Robertson is a veteran Marxist agitator like his predecessor Javier Solana, and his eagerness to embrace Russia in the name of “collective security” is no surprise. But similar comments from syndicated columnist Don Feder — whose anti-Communist credentials are impeccable — are indeed surprising, and they illustrate how remarkably successful the Kremlin’s propaganda efforts have been.
Deriding “Cold Warriors suffering frostbite of the brain” who take issue with Putin’s background, Feder insists that the career KGB officer and product of the Komsomol (Communist Youth League) is actually a Christian patriot “who wears a cross and has an icon corner in his home [and] understands that the fate of Orthodox Russia is entwined with the Judeo-Christian West.”
“Russia has 300 million Moslems to its south and 20 million within the federation’s borders,” wrote Feder in a December 2001 column. “It’s fought two wars with Islamic insurgents in Chechnya. A year before bin Laden’s boys flew two planes into the World Trade Center, bombs were exploding in Red Square, courtesy of the same Al-Qaeda network.” America and Russia, as victims of al-Qaeda terrorists, are now joined in “a marriage arranged by the forces of history,” concludes Feder.

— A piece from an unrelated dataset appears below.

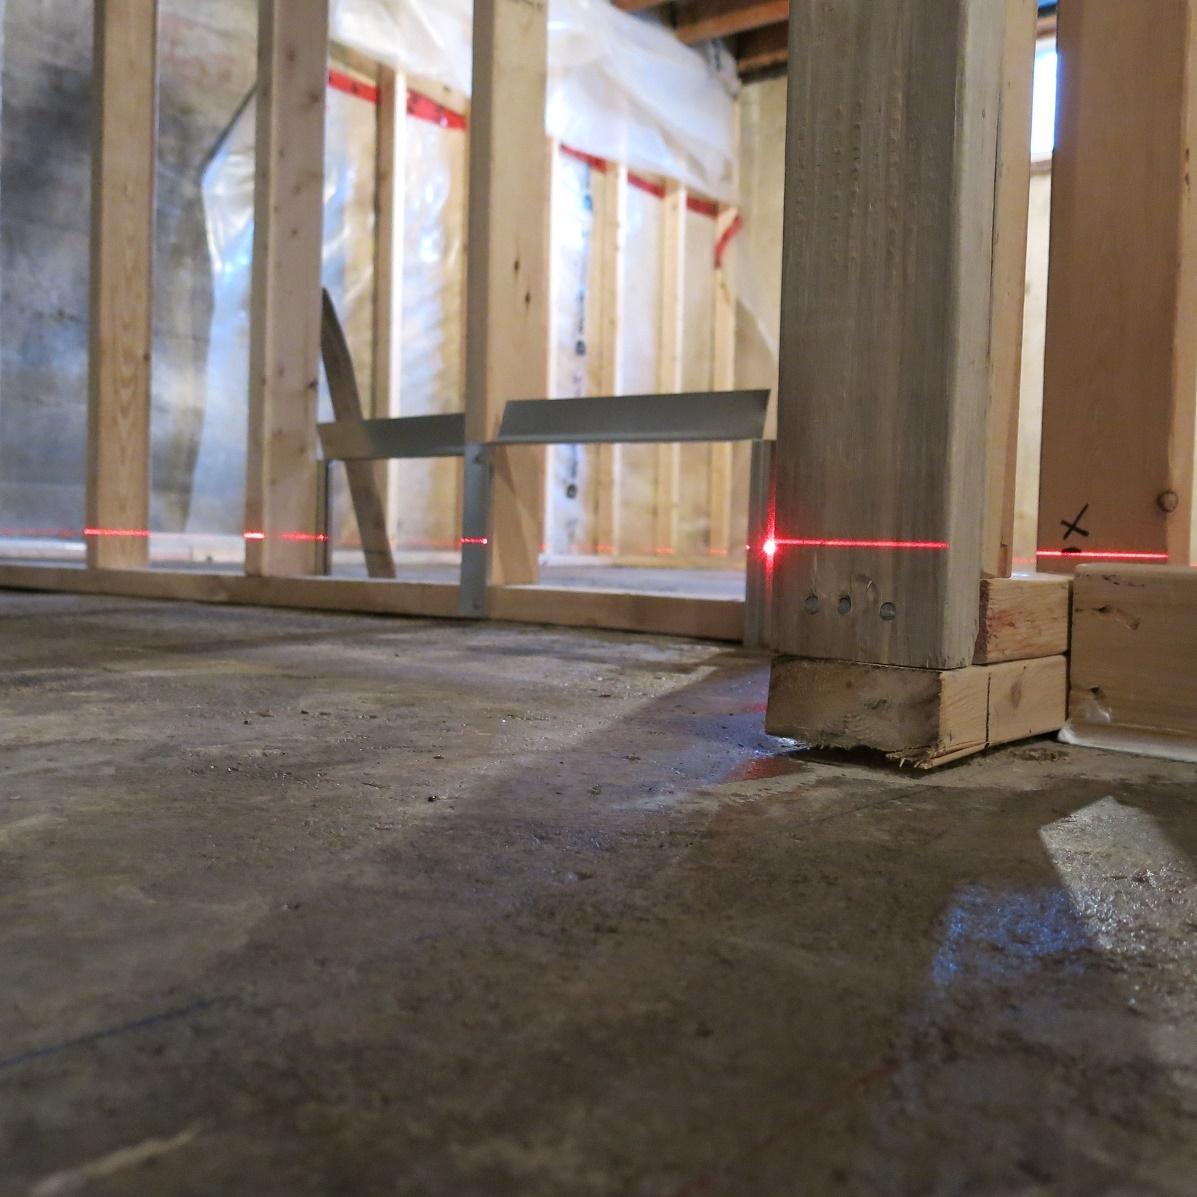 Leveling Basement Floor With Wood1197 X 1197

But it was Putin and his KGB comrades, not some disembodied force of history, who arranged the al-Qaeda attacks in Russia. This suggests that when Putin warned in April 2000 of a coming “war with Islam” he spoke not as a prophet, but as a provocateur.
* A source connected to Stepashin told The New American that the former Russian prime minister — for what it’s worth — denies FSB involvement in the apartment bombings, insisting that they were carried out by Chechen terrorists connected to the Kosovo Liberation Army in Serbia.